LiteLLM / claude-code-proxy in front, no router change. Fast to stand up and good for Phase 0, but the Claude path still double-translates (Anthropic→OpenAI at the proxy, OpenAI→Anthropic in the Claude backend). Acceptable as a spike, not as the product.
Anthropic ingress as a permanent self-contained mini-pipeline. Avoids the core refactor but duplicates orchestration (auth, classify, decide, audit, streaming plumbing) across two ingresses.
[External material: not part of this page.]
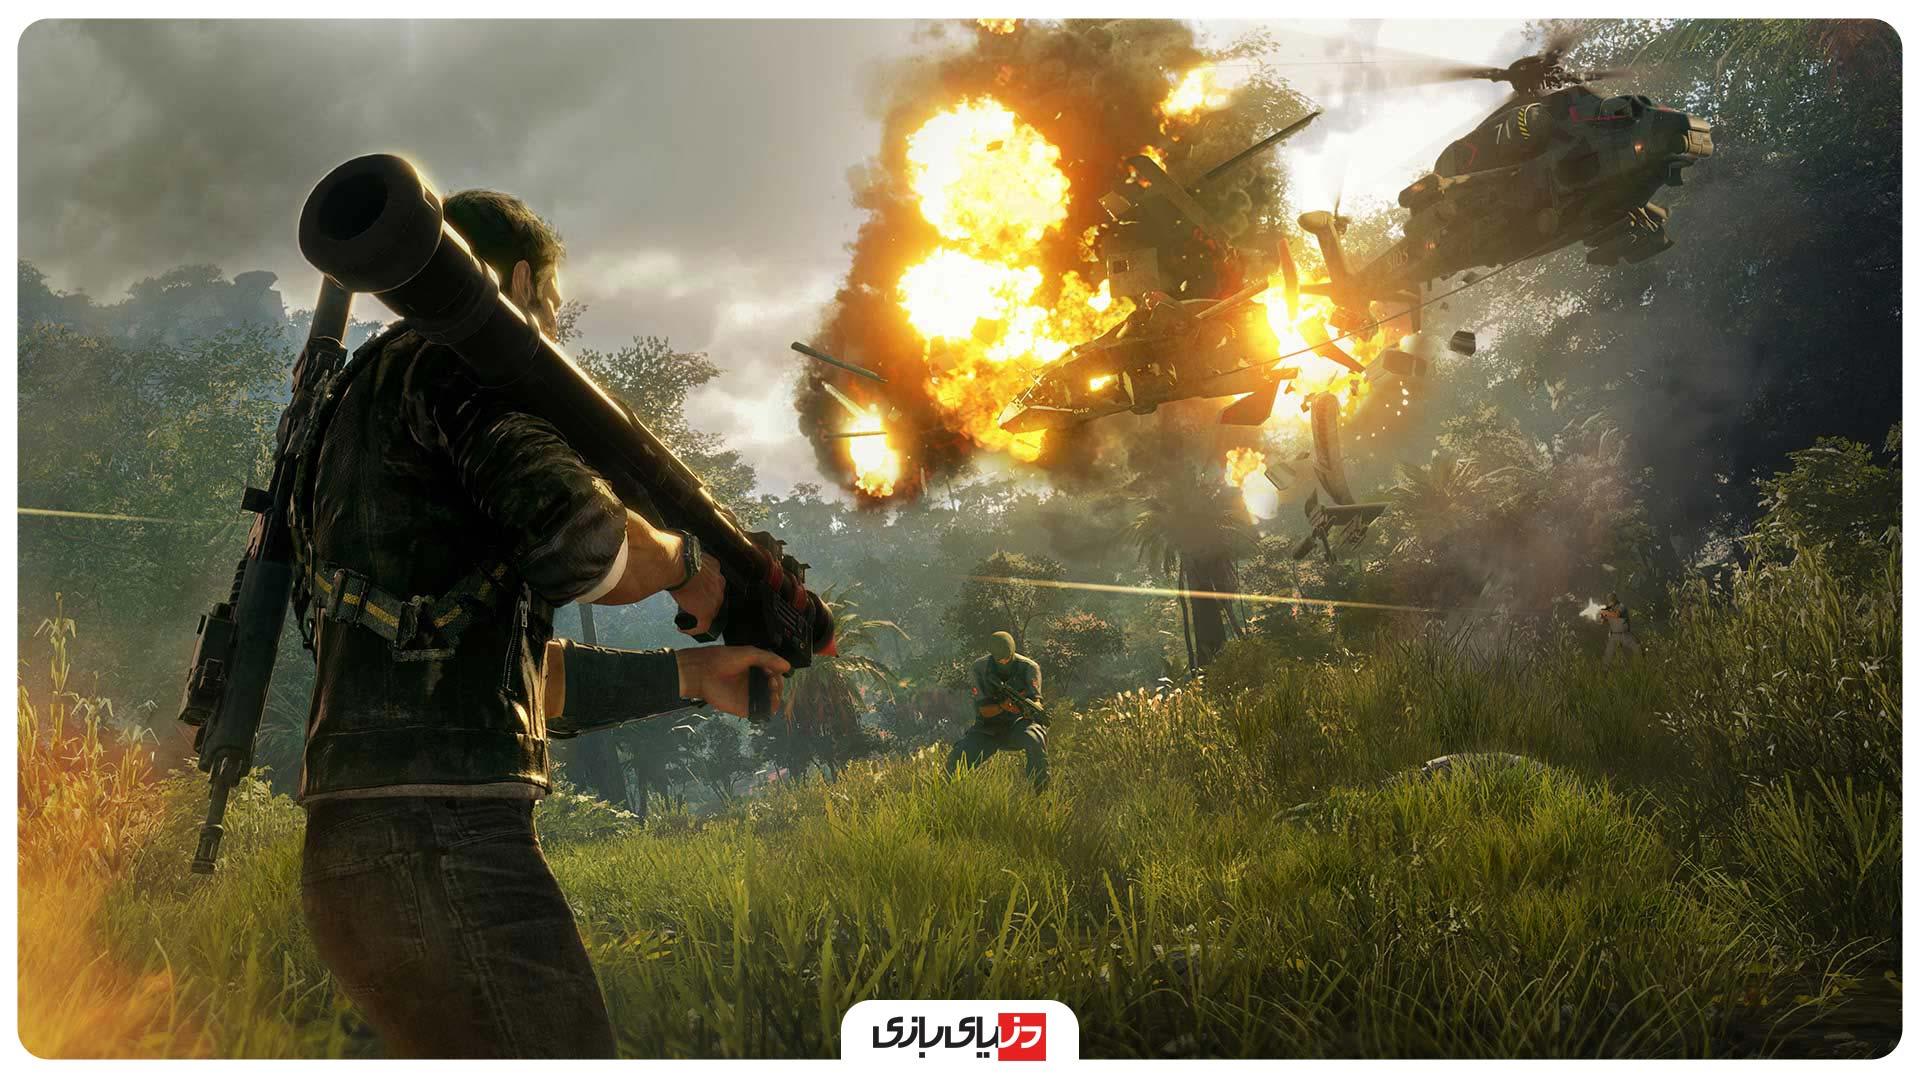 بازی های مشابه GTA V - بازی Just Cause 4

Fine for Phase 1; the canonical-IR refactor (Phase 2) removes the duplication.

Open questions

Whole-payload classification: union vs. max-over-chunks vs. sliding window — and the latency/cost budget for classifying large agent payloads on every request.
count_tokens: which tokenizer do we count with, and how close does it need to be to Claude's for Claude Code's context management to behave?
Do we expose model aliases (opus, sonnet) and map them to router-auto / forced backends, or only router-auto?
Streaming: do we need true incremental tool-argument streaming on the Claude path, or is the current "tool_calls in one delta at end-of-turn" acceptable for Claude Code?

Testing

Unit: the new translate functions (request + response + streaming), with tool calling, mirroring tests/test_translate.py.
Unit: whole-payload classifier extraction (proprietary content in tool results / system → routes to ScalarLM).
Unit: count_tokens never performs network I/O.
Integration: a recorded Claude Code session replayed against the ingress (both backends), asserting Anthropic-shaped responses and that no novel content egresses to Anthropic.